Дружелюбие Феодора Дмитриевича делало беседу с ним удобной и плодотворной. Несмотря на разницу лет, он допускал спор с собою, и, хотя во всяком споре, особенно при молодости лет, может быть сказано много лишнего, тоном недостаточно сдержанным, Феодор Дмитриевич никогда не обижался на запальчивость собеседника и своими тонкими и остро поставленными суждениями приводил спор если не к соглашению, то по крайней мере к полной ясности, в чем собственно корни расхождений. Если уместно здесь высказываться корыстно, принимая во внимание наши интересы, то нельзя не отметить незаменимости Феодора Дмитриевича в наших беседах. А в особенности, как он нужен был бы теперь и в будущем, когда все настойчивее требуют разрешения многочисленные богословские, философские и общественные вопросы…

Когда‑нибудь в дальнейшем, если Богу будет угодно, я надеюсь изложить и содержание наших бесед с Феодо- ром Дмитриевичем; в блажейшем же будущем думаю напечатать несколько писем его, чтобы показать его отзывчивость на возникающие вопросы церковной жизни и церковного разумения жизни. Но сейчас я не смею утруждать Вашего внимания чтением их. Позвольте мне закончить свой беглый набросок одною мыслью, относящеюся ко всем нам.

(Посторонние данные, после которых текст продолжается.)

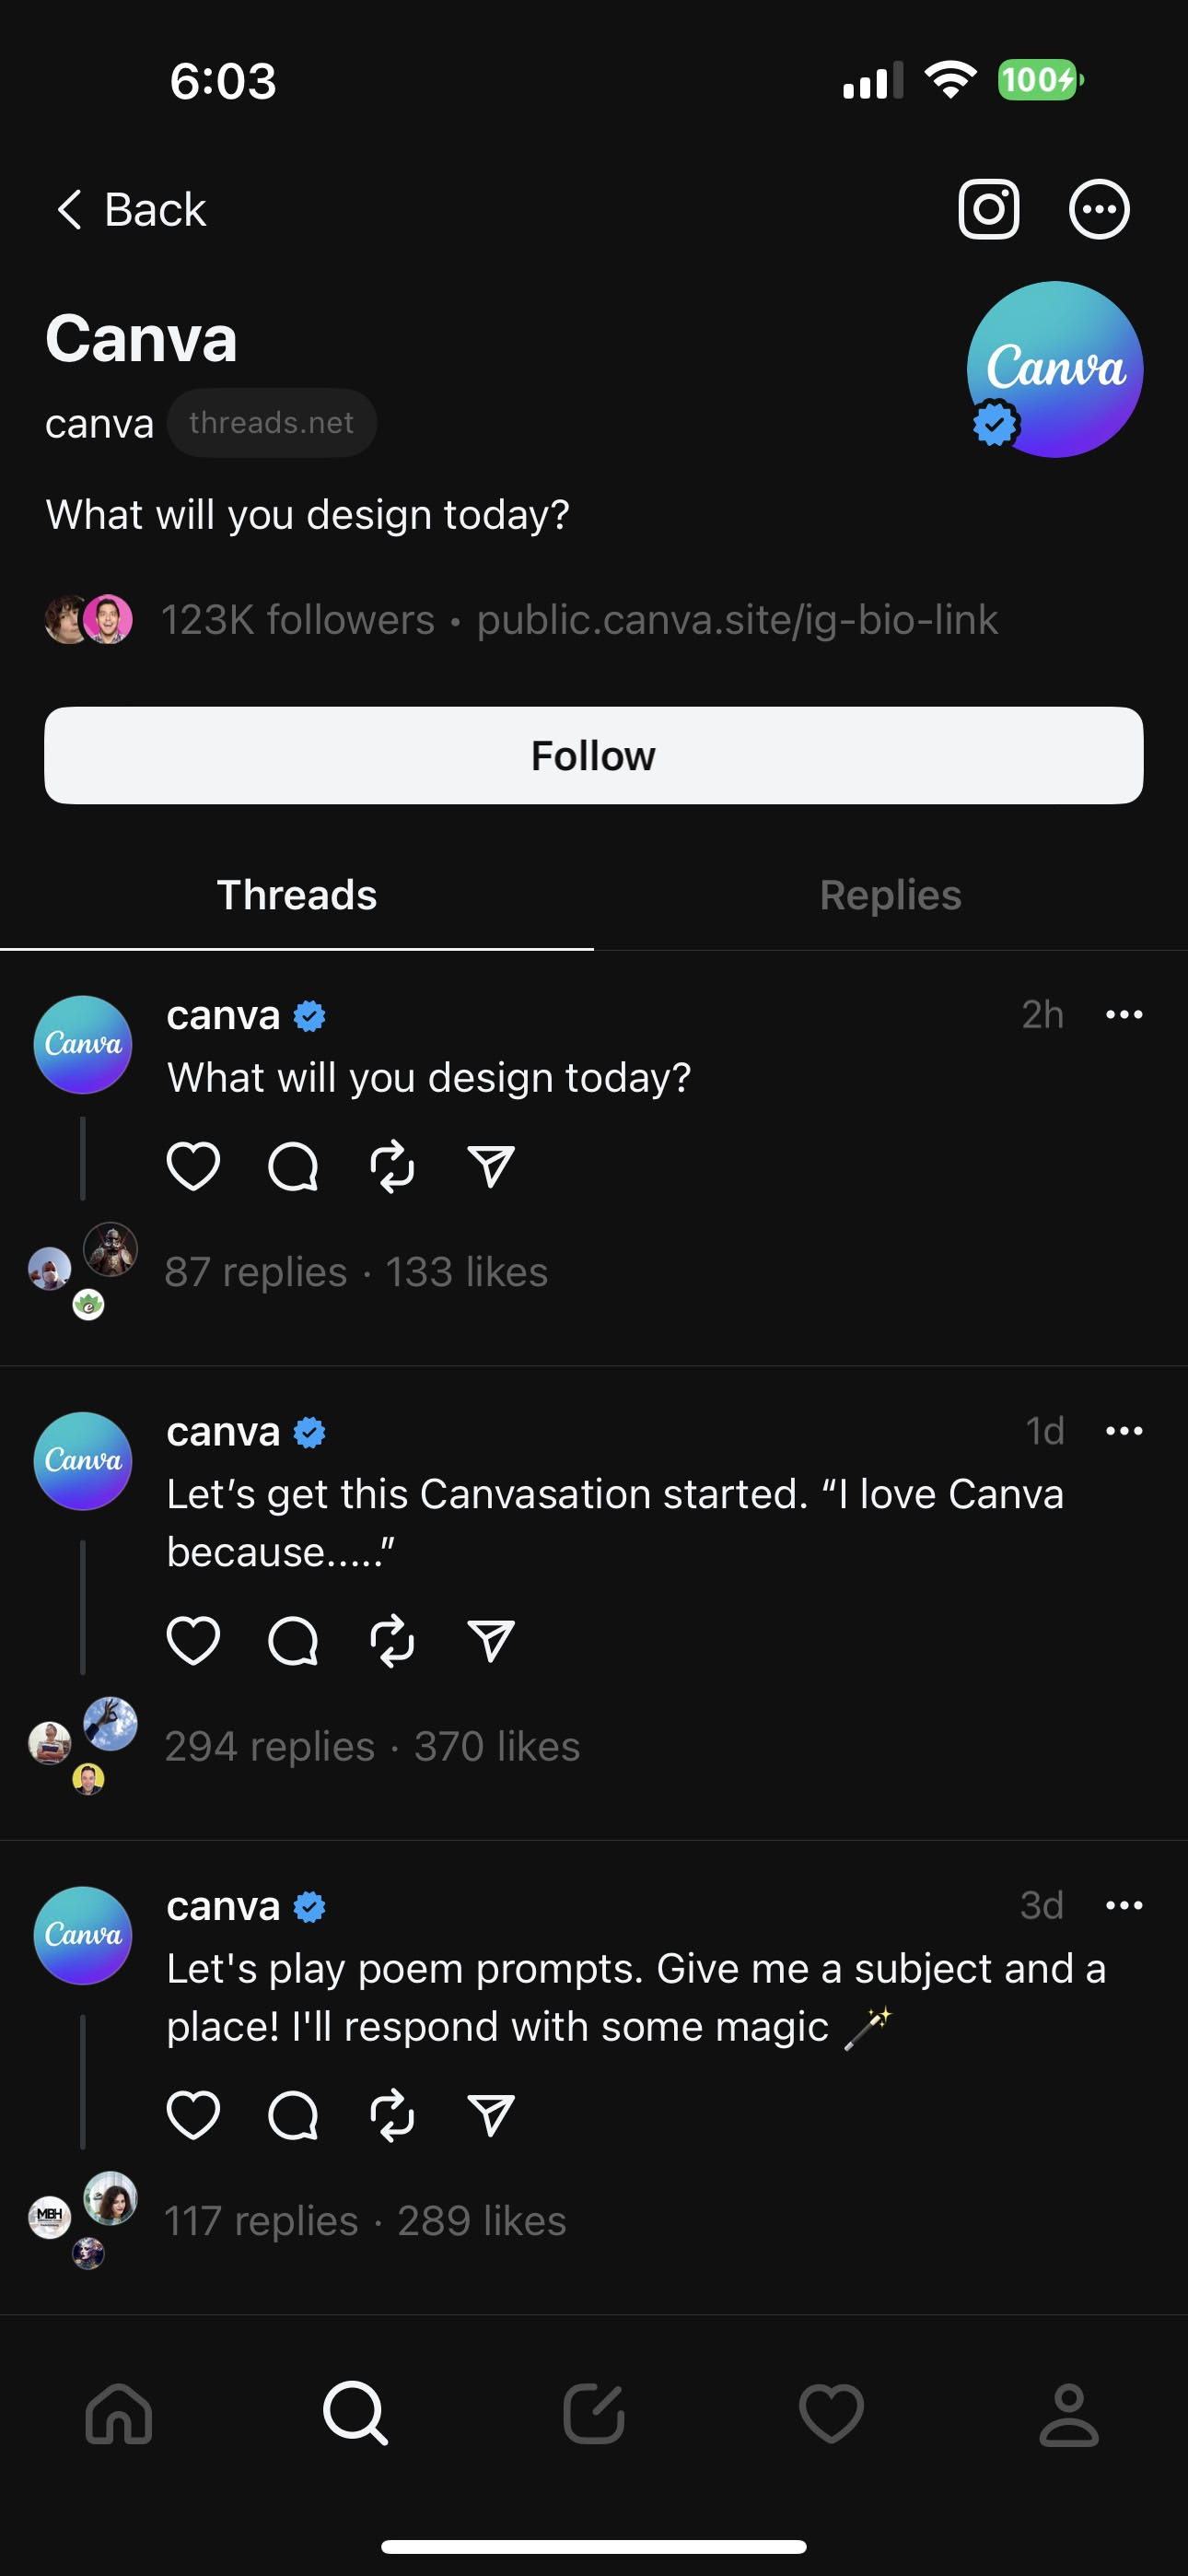 canva-on-instagram-threads-app

В настоящее время много говорится об участии мирян в деле церковного строительства; и, кажется, мало проку выходит из этих обновленческих разговоров. Но если бы многие миряне имели хоть небольшую долю той преданности св. Церкви, которою жил покойный Феодор Дмитриевич; если бы они хотя бы с частью его осведомленности, его бескорыстия и его смирения подходили к участию в церковной жизни, то, мне думается, самый разговор о допустимости их участия не поднимался бы, ибо такие миряне вошли бы деятелями в церковную жизнь как сыны Церкви, а не как противники, ищущие себе урвать от церковного достояния.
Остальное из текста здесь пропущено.